Так бы мирно и текла моя жизнь, без стрессов и излишних потрясений, если б Провидение не толкнуло меня на новый литературный подвиг.
– Выходи, – сказала мне в то утро любимая Пелагея, явившись весомым привидением в мою юдоль скорби, – хватит маяться бездельем, пора на полевые работы.
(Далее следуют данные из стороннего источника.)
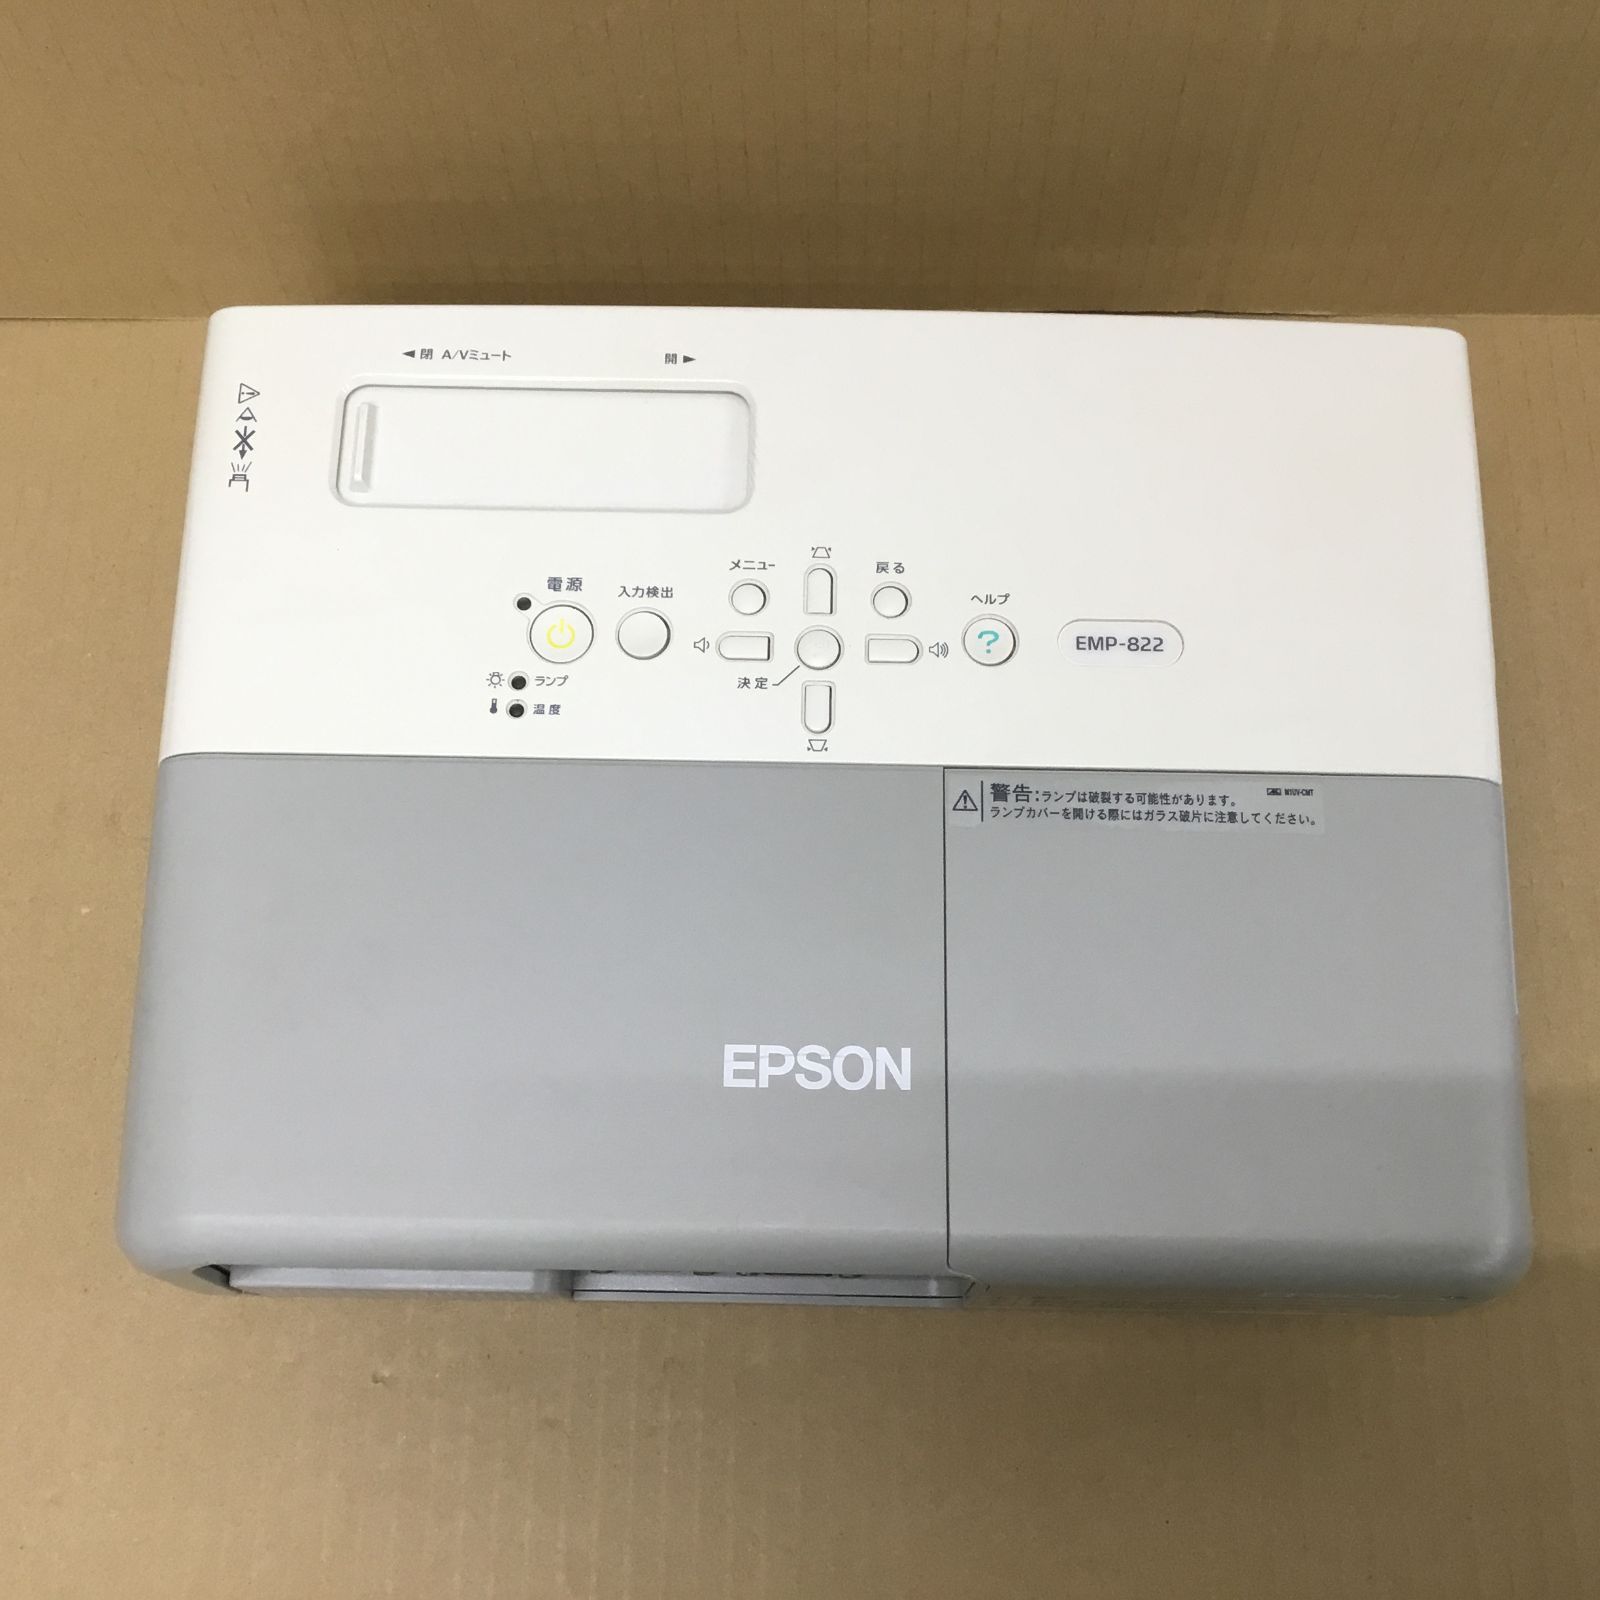 2600lm エプソンプロジェクター EPSON EMP-822 ランプ時間 48H - 映像機器

После таких слов, не предвещавших беззаботного существования под голубым небом, обычно следовала тяжёлая трудовая повинность. Я привычно покорялся судьбе и начинал влачить жалкое существование угодившего в ярмо копытного животного. Мне приходилось исполнять все прихоти хозяйки положения, закрывать глаза на издевательский тон приказов и употреблять, по мнению впавших в ересь домашних трезвенников, только здоровую пищу и питьё. Насилие длилось до той поры, пока караул не терял бдительность, уверовав в мою покорность судьбе. Тогда я получал полную свободу передвижения во все стороны, свершая одновременно подвиг здравомыслия и покорности, вкупе с верным супругом моей любимой сестры. Стивен тоже был изрядным стратегом, поэтому наши очередные бдения возле бутыли с бурбоном изначально носили предсказуемый характер, но разнообразного свойства. Таким образом, каждый новый наш загул был по-своему неповторим и ярок, словно луч света в тёмном царстве предрассудков. Короче говоря, это был своеобразный вид спорта в его историческом понимании законов Вакха и Бахуса. Но именно в то утро я возразил:
– Женщина, – сказал я веско и с нажимом, – оставь меня в гордом одиночестве и немедля удались на почтительное расстояние от своего господина. Ко мне снизошло озарение вольного ветра, неоглядной морской стихии и видение морского волка во всей красе. Не мешай моему общению с потусторонней свободой, так далёкой от тебя!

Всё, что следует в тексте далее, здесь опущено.